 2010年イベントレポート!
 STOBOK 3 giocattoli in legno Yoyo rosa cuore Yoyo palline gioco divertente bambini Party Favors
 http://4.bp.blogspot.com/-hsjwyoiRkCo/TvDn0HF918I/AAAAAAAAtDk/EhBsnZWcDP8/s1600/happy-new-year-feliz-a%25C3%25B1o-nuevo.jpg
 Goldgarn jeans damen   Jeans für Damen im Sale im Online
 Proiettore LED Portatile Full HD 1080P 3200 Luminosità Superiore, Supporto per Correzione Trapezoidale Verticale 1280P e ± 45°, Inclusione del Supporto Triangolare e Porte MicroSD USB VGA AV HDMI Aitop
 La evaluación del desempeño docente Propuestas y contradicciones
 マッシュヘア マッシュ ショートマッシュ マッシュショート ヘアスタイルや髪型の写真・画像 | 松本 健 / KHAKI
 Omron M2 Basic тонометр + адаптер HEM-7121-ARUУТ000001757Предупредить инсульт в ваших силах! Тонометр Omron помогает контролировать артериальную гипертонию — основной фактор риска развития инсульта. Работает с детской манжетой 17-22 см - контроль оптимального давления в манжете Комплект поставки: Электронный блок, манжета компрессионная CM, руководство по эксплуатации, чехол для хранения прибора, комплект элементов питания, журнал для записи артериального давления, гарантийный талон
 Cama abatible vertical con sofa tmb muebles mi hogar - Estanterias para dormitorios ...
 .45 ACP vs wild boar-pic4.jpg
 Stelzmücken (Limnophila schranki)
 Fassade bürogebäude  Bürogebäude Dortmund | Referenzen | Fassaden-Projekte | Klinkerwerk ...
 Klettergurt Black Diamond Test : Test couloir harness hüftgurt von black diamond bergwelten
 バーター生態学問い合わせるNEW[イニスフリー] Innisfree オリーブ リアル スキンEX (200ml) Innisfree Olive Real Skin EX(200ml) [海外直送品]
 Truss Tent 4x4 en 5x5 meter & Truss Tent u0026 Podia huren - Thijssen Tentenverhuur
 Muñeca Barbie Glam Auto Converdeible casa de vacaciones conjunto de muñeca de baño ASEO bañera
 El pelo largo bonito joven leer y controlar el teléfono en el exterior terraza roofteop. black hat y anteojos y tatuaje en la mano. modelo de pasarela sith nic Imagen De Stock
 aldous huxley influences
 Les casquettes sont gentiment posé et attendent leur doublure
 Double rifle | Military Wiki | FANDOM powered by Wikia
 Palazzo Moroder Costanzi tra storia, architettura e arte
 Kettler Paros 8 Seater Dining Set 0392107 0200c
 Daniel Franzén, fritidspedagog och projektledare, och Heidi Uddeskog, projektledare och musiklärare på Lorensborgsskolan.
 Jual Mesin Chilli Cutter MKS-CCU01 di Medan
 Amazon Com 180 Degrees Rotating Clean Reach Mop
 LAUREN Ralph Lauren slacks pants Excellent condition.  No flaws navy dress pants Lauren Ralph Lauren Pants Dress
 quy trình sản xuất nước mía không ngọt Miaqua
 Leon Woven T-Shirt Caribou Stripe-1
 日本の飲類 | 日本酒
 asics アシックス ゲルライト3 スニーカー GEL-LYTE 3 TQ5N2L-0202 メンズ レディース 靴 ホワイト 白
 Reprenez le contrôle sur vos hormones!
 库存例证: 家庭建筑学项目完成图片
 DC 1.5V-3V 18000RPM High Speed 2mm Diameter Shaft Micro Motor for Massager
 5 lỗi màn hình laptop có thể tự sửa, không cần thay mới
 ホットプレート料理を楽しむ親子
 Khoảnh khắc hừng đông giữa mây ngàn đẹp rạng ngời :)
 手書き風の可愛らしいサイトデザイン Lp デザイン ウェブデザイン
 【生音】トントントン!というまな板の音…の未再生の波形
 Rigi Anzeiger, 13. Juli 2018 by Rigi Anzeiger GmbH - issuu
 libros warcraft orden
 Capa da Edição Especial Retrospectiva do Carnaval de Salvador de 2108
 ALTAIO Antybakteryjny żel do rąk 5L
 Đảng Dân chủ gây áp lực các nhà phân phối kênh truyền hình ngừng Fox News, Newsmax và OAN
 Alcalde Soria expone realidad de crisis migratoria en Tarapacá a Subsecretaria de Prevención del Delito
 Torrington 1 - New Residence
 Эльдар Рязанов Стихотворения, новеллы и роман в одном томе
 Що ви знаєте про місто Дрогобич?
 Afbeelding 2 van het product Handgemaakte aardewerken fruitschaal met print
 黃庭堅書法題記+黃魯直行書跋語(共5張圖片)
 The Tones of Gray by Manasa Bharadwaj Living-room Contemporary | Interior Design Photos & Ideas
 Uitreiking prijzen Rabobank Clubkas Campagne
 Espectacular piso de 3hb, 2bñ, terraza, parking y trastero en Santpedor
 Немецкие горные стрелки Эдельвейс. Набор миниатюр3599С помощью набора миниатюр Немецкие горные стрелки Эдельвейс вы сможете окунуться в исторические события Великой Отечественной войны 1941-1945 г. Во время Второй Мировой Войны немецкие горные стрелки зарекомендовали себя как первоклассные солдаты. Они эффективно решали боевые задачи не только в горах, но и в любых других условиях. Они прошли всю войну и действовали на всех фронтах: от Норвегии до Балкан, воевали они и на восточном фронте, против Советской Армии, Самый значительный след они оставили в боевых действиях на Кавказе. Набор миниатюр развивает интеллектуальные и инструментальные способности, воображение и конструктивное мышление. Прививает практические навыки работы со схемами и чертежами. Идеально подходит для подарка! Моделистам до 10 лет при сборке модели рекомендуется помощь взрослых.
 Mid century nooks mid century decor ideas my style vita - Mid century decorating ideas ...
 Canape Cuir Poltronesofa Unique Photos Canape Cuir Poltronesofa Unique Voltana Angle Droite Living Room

> Prompt: Repeat each record verbatim.

> Solved problem:
 2010年イベントレポート!
 STOBOK 3 giocattoli in legno Yoyo rosa cuore Yoyo palline gioco divertente bambini Party Favors
 http://4.bp.blogspot.com/-hsjwyoiRkCo/TvDn0HF918I/AAAAAAAAtDk/EhBsnZWcDP8/s1600/happy-new-year-feliz-a%25C3%25B1o-nuevo.jpg
 Goldgarn jeans damen   Jeans für Damen im Sale im Online
 Proiettore LED Portatile Full HD 1080P 3200 Luminosità Superiore, Supporto per Correzione Trapezoidale Verticale 1280P e ± 45°, Inclusione del Supporto Triangolare e Porte MicroSD USB VGA AV HDMI Aitop
 La evaluación del desempeño docente Propuestas y contradicciones
 マッシュヘア マッシュ ショートマッシュ マッシュショート ヘアスタイルや髪型の写真・画像 | 松本 健 / KHAKI
 Omron M2 Basic тонометр + адаптер HEM-7121-ARUУТ000001757Предупредить инсульт в ваших силах! Тонометр Omron помогает контролировать артериальную гипертонию — основной фактор риска развития инсульта. Работает с детской манжетой 17-22 см - контроль оптимального давления в манжете Комплект поставки: Электронный блок, манжета компрессионная CM, руководство по эксплуатации, чехол для хранения прибора, комплект элементов питания, журнал для записи артериального давления, гарантийный талон
 Cama abatible vertical con sofa tmb muebles mi hogar - Estanterias para dormitorios ...
 .45 ACP vs wild boar-pic4.jpg
 Stelzmücken (Limnophila schranki)
 Fassade bürogebäude  Bürogebäude Dortmund | Referenzen | Fassaden-Projekte | Klinkerwerk ...
 Klettergurt Black Diamond Test : Test couloir harness hüftgurt von black diamond bergwelten
 バーター生態学問い合わせるNEW[イニスフリー] Innisfree オリーブ リアル スキンEX (200ml) Innisfree Olive Real Skin EX(200ml) [海外直送品]
 Truss Tent 4x4 en 5x5 meter & Truss Tent u0026 Podia huren - Thijssen Tentenverhuur
 Muñeca Barbie Glam Auto Converdeible casa de vacaciones conjunto de muñeca de baño ASEO bañera
 El pelo largo bonito joven leer y controlar el teléfono en el exterior terraza roofteop. black hat y anteojos y tatuaje en la mano. modelo de pasarela sith nic Imagen De Stock
 aldous huxley influences
 Les casquettes sont gentiment posé et attendent leur doublure
 Double rifle | Military Wiki | FANDOM powered by Wikia
 Palazzo Moroder Costanzi tra storia, architettura e arte
 Kettler Paros 8 Seater Dining Set 0392107 0200c
 Daniel Franzén, fritidspedagog och projektledare, och Heidi Uddeskog, projektledare och musiklärare på Lorensborgsskolan.
 Jual Mesin Chilli Cutter MKS-CCU01 di Medan
 Amazon Com 180 Degrees Rotating Clean Reach Mop
 LAUREN Ralph Lauren slacks pants Excellent condition.  No flaws navy dress pants Lauren Ralph Lauren Pants Dress
 quy trình sản xuất nước mía không ngọt Miaqua
 Leon Woven T-Shirt Caribou Stripe-1
 日本の飲類 | 日本酒
 asics アシックス ゲルライト3 スニーカー GEL-LYTE 3 TQ5N2L-0202 メンズ レディース 靴 ホワイト 白
 Reprenez le contrôle sur vos hormones!
 库存例证: 家庭建筑学项目完成图片
 DC 1.5V-3V 18000RPM High Speed 2mm Diameter Shaft Micro Motor for Massager
 5 lỗi màn hình laptop có thể tự sửa, không cần thay mới
 ホットプレート料理を楽しむ親子
 Khoảnh khắc hừng đông giữa mây ngàn đẹp rạng ngời :)
 手書き風の可愛らしいサイトデザイン Lp デザイン ウェブデザイン
 【生音】トントントン!というまな板の音…の未再生の波形
 Rigi Anzeiger, 13. Juli 2018 by Rigi Anzeiger GmbH - issuu
 libros warcraft orden
 Capa da Edição Especial Retrospectiva do Carnaval de Salvador de 2108
 ALTAIO Antybakteryjny żel do rąk 5L
 Đảng Dân chủ gây áp lực các nhà phân phối kênh truyền hình ngừng Fox News, Newsmax và OAN
 Alcalde Soria expone realidad de crisis migratoria en Tarapacá a Subsecretaria de Prevención del Delito
 Torrington 1 - New Residence
 Эльдар Рязанов Стихотворения, новеллы и роман в одном томе
 Що ви знаєте про місто Дрогобич?
 Afbeelding 2 van het product Handgemaakte aardewerken fruitschaal met print
 黃庭堅書法題記+黃魯直行書跋語(共5張圖片)
 The Tones of Gray by Manasa Bharadwaj Living-room Contemporary | Interior Design Photos & Ideas
 Uitreiking prijzen Rabobank Clubkas Campagne
 Espectacular piso de 3hb, 2bñ, terraza, parking y trastero en Santpedor
 Немецкие горные стрелки Эдельвейс. Набор миниатюр3599С помощью набора миниатюр Немецкие горные стрелки Эдельвейс вы сможете окунуться в исторические события Великой Отечественной войны 1941-1945 г. Во время Второй Мировой Войны немецкие горные стрелки зарекомендовали себя как первоклассные солдаты. Они эффективно решали боевые задачи не только в горах, но и в любых других условиях. Они прошли всю войну и действовали на всех фронтах: от Норвегии до Балкан, воевали они и на восточном фронте, против Советской Армии, Самый значительный след они оставили в боевых действиях на Кавказе. Набор миниатюр развивает интеллектуальные и инструментальные способности, воображение и конструктивное мышление. Прививает практические навыки работы со схемами и чертежами. Идеально подходит для подарка! Моделистам до 10 лет при сборке модели рекомендуется помощь взрослых.
 Mid century nooks mid century decor ideas my style vita - Mid century decorating ideas ...
 Canape Cuir Poltronesofa Unique Photos Canape Cuir Poltronesofa Unique Voltana Angle Droite Living Room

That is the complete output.